Storytelling may be the ‘next big thing’ in pricing strategy, if you believe  Ty Montague, author of the new book, True Story: How to Combine Story and Action to Transform Your Business.

Last month, Montague penned “If You Want to Raise Prices, Tell a Better Story” on the HBR Network. Montague suggests “the power of story to affect pricing still remains unknown, or at least it’s vastly under-utilized.” He retells a story from New York Times Magazine columnist Rob Walker’s 2006 business book, Buying In: The Secret Dialogue Between What We Buy and Who We Are:

a can opener is a can opener until it is a can opener designed by Michael Graves and a part of the permanent collection of the Museum of Modern Art. A shoe is a shoe is a shoe until it is a pair of TOMS. … Suddenly, these objects are a part of an inspiring narrative — one that I can use to reveal something meaningful about myself to others. That’s something I am willing to pay for.

Montague concludes that “an authentic, meaning-rich story becomes the most important ingredient to drive a company’s margins up.” (To read the full blog: BLOG POST)

For the legal industry, Montague raises two significant aspects of pricing that, as-of-yet, are little discussed: branding and willingness-to-pay.

Branding. Law firm’s marketing departments embraced branding nearly twenty years ago…as a marketing communications strategy. What has been missing over the decades is the role branding plays in pricing strategy. Successful branding helps prospects 1) understand what the firm’s benefits are and how they create value, and 2) desire the firm’s services over the competition. Branding is a broad, “one-to-many” strategy–ideally based on differentiation–that raises prospects’ awareness and knowledge of a law firm.
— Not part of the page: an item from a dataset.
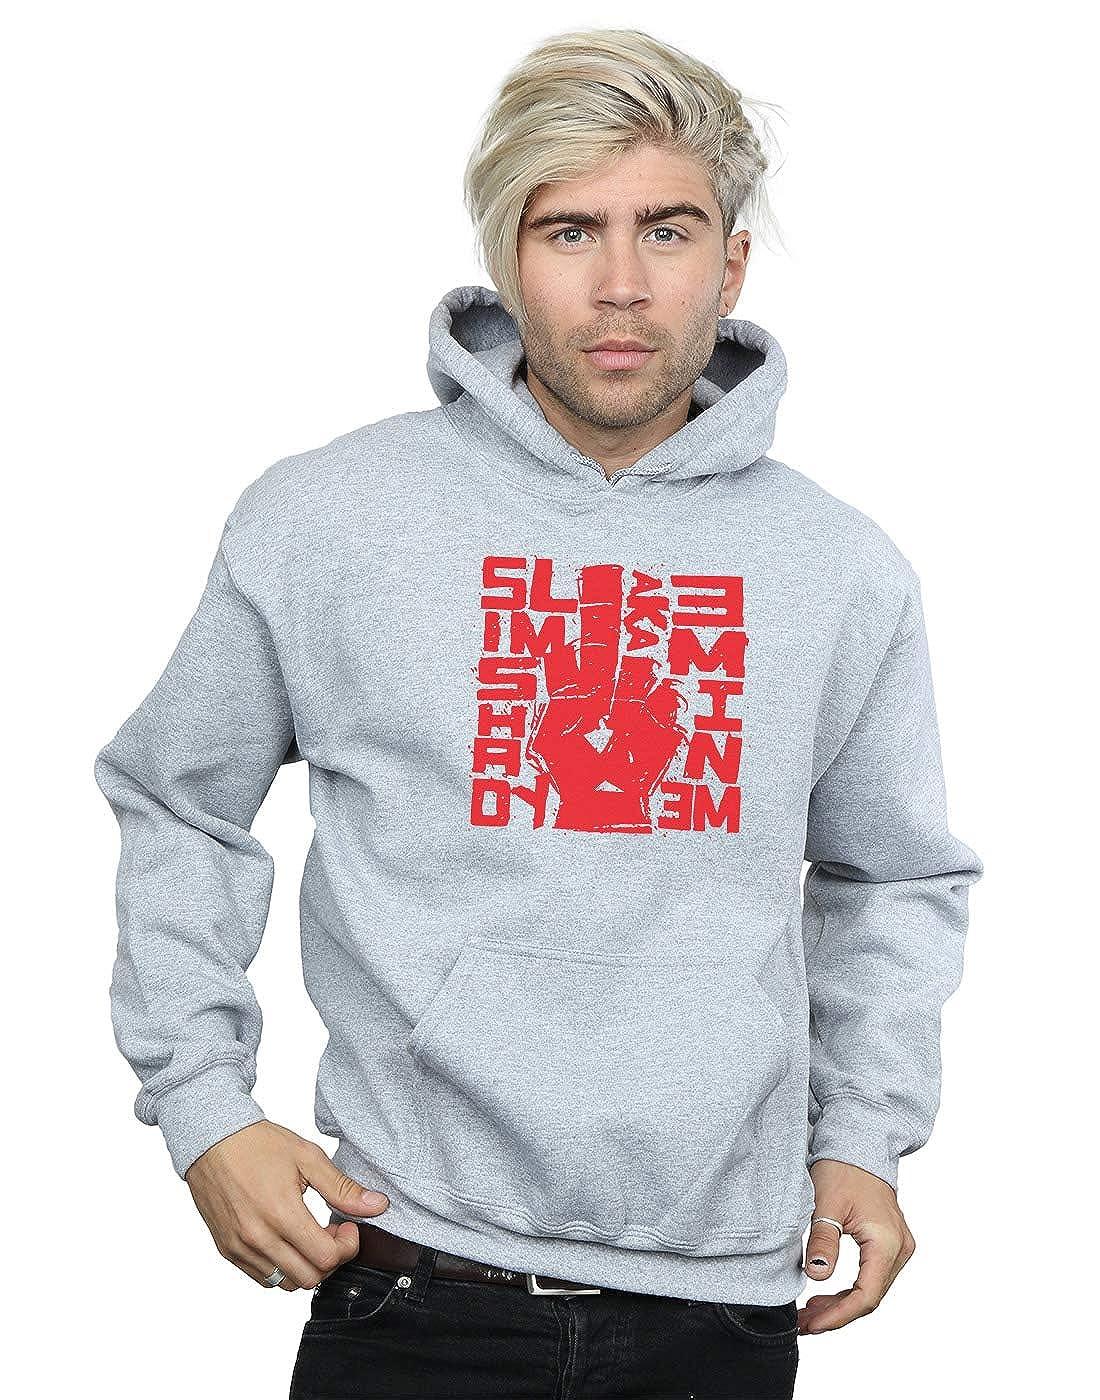 Eminem Herren Slim Shady Finger Kapuzenpullover

Willingness-to-Pay. Harvard Business School’s strategy master, Michael Porter, wrote almost thirty years ago: “Value is what buyers are willing to pay.” WTP is an economic concept that, qualitatively, measures a buyer’s motivation to purchase and, quantitatively, measures a buyer’s maximum purchase price. In both cases, the buyer’s measurement correlates directly to his/her perception of value, which is directly influenced by branding and value propositions.

Value Propositions. A third factor, not mentioned by Montague, is the key role value propositions play in professional services sales. By creating a powerful story (or several) about your firm, you inevitably create value propositions — statements of benefits a client receives from your services. Value propositions are targeted, “one-to-one” messages based on the firm’s differentiation that are delivered by attorneys directly to individuals buyers.
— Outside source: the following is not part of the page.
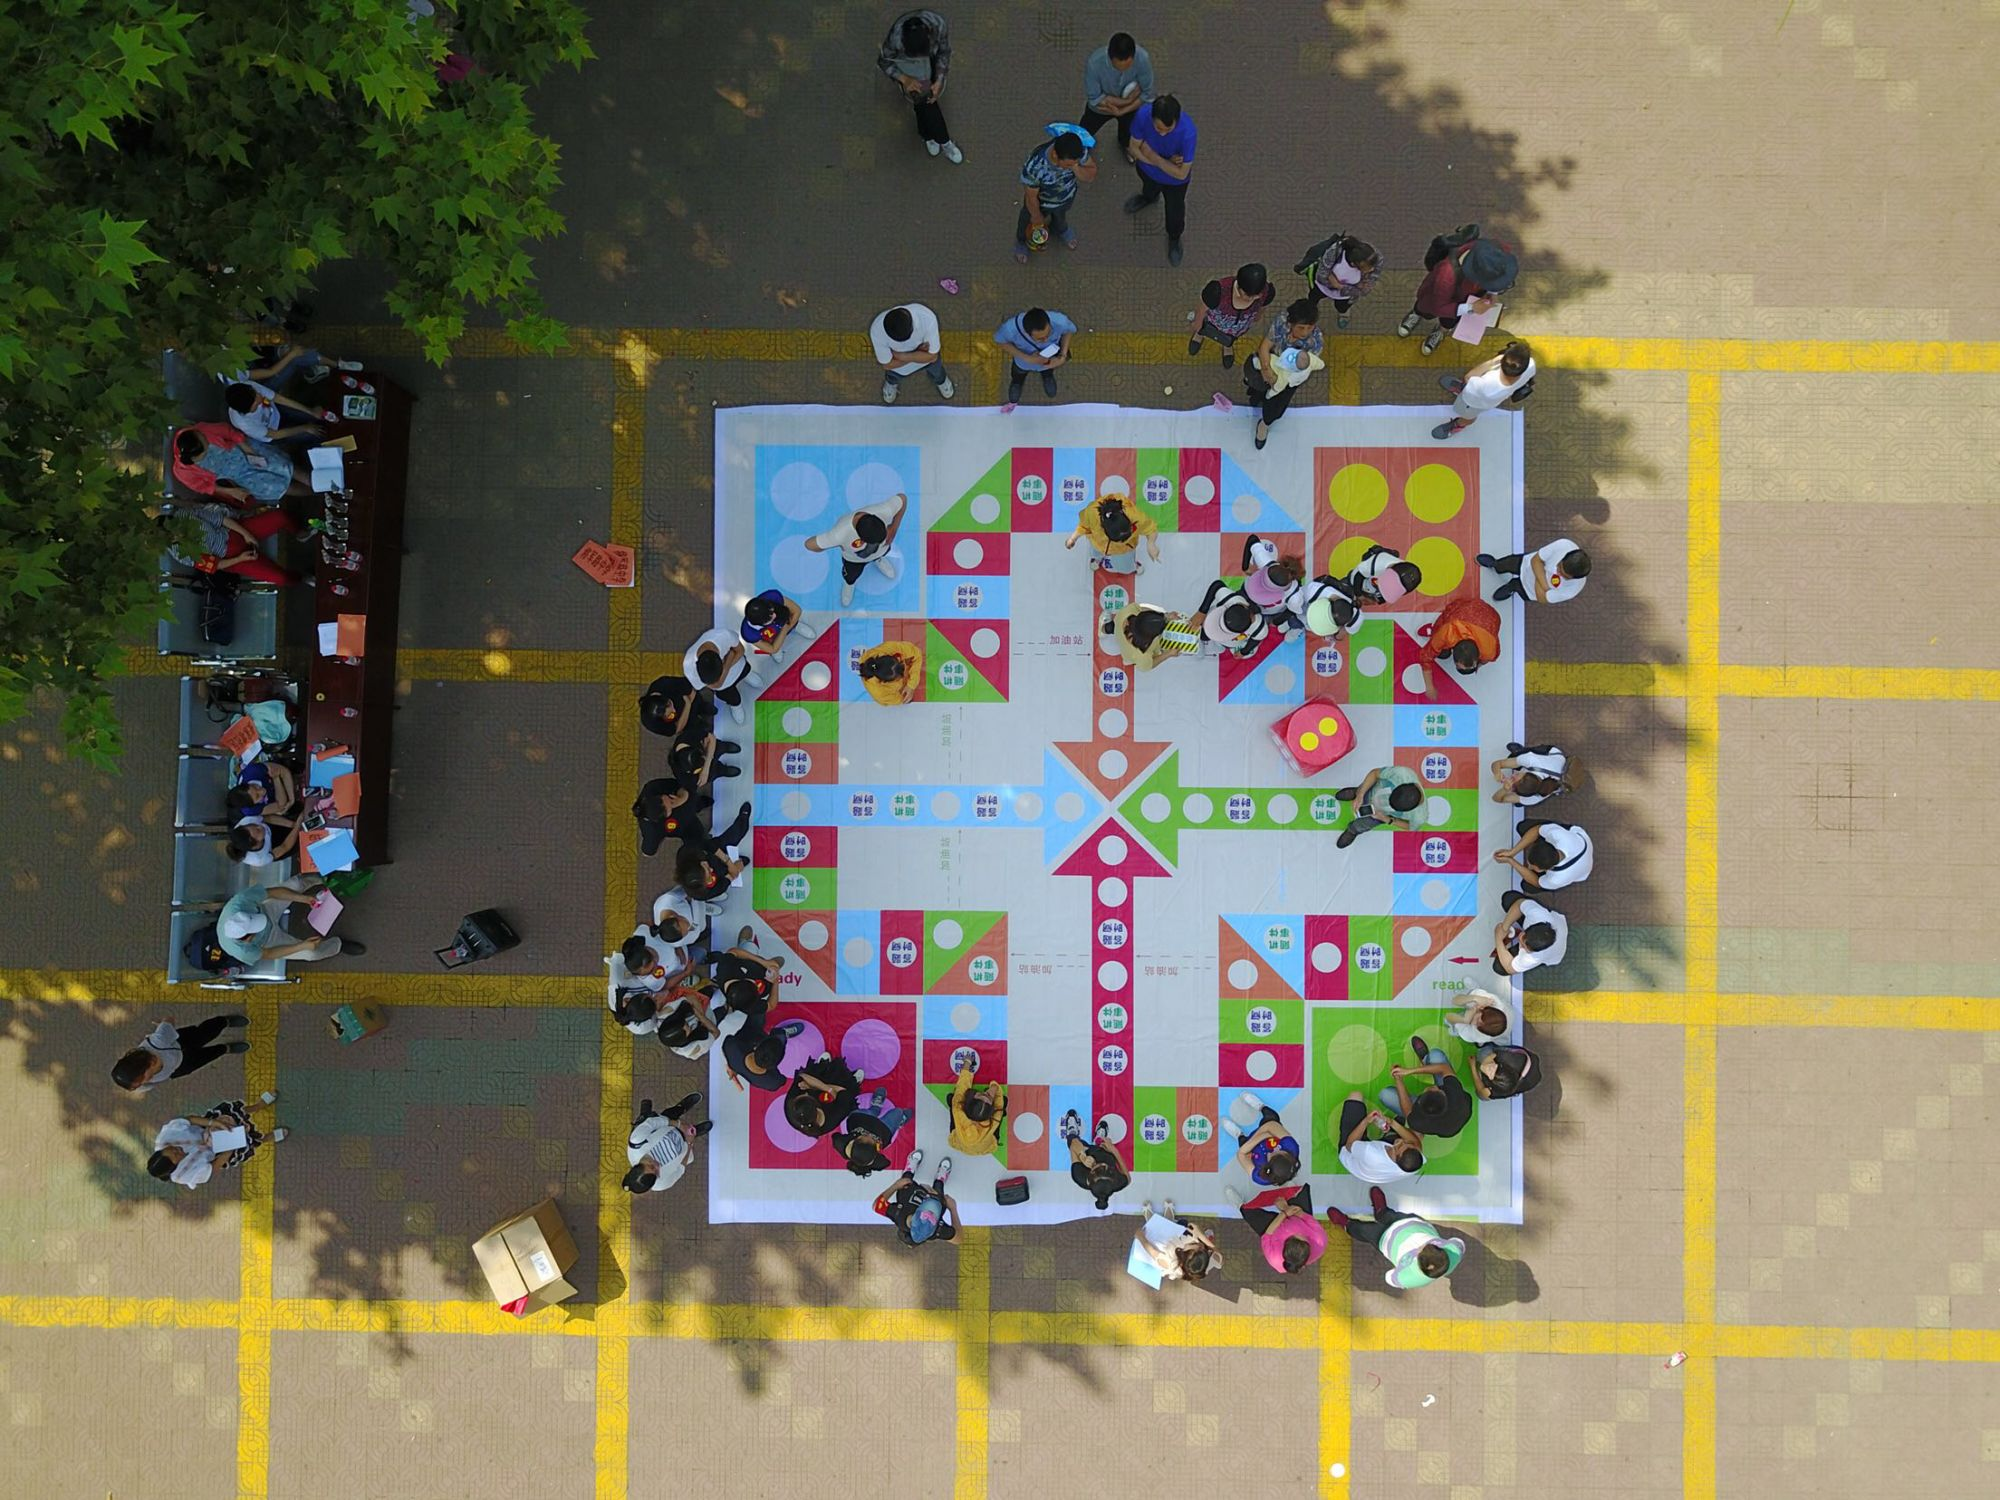 玩欢乐麻将全集和QQ欢乐斗地主,这俩款游戏一进去就黑屏,求解决手机的欢乐麻将全集和QQ斗地主玩不了 - 华为Mate7问题反馈 花粉俱.

I believe storytelling is a critical tool for price communication. The idea is not new to business, however. Annette Simmons (The Story Factor: Secrets of Influence from the Art of Storytelling and Whoever Tells the Best Story Wins) and Steve Denning (The Leader’s Guide to Storytelling) were the first to offer books on business storytelling more than a decade ago. Shortly thereafter, my favorite business author, Patrick Lencioni (WWW.THETABLEGROUP.COM), began publishing his series of best-selling business books, each one written as a fable.
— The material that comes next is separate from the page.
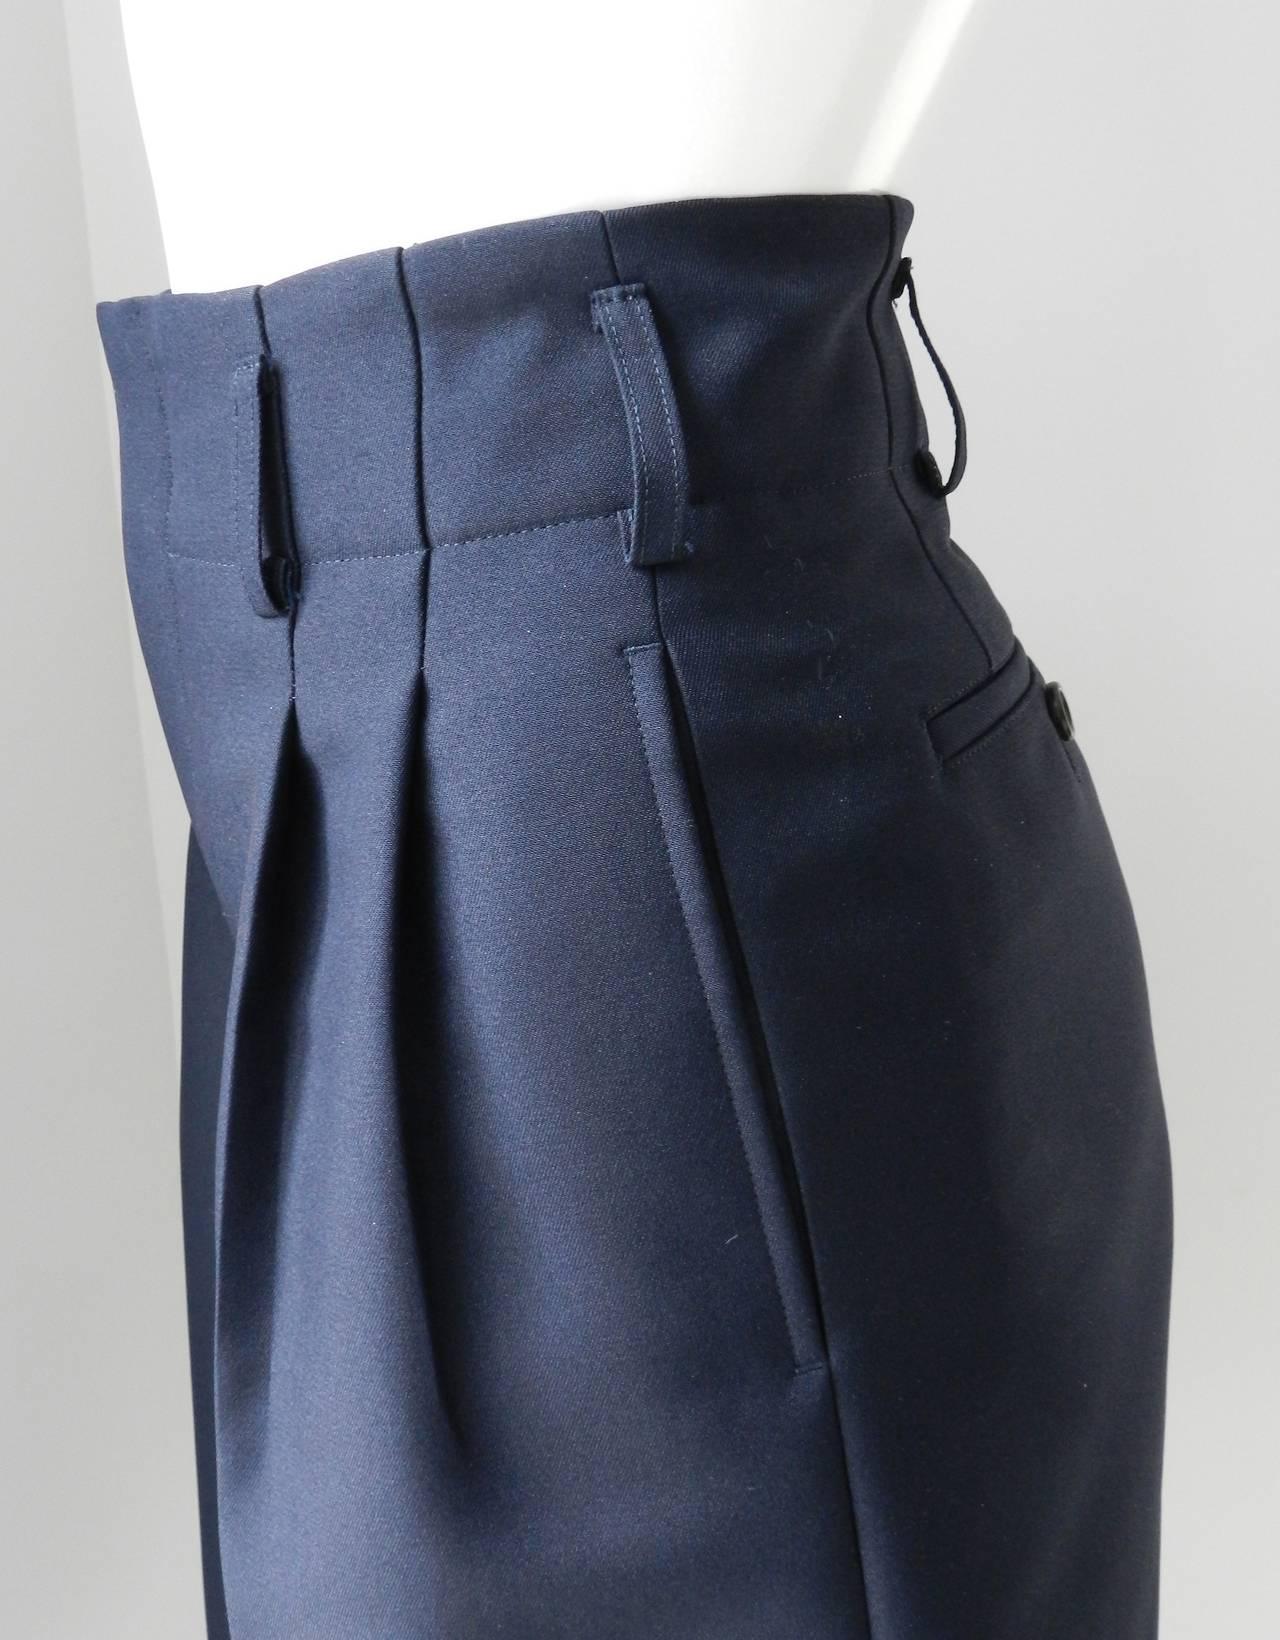 Comme des Garcons Navy Blue Culottes 4

In addition, the HBR Network has published several storytelling-related blog posts. Here are a few:

  • A Data Scientist’s Real Job: Storytelling – BLOG POST
  • Structure Your Presentation Like a Story – BLOG POST
  • The Art of Purposeful Storytelling – BLOG POST

Storytelling is by no means universally accepted, but its core purpose — to resonate with an audience regarding benefits and value — certainly ties into a law firm’s promotion strategy. Perhaps it’s time for storytelling to tie into a law firm’s pricing strategy…which begs the question: Does your firm have a pricing strategy?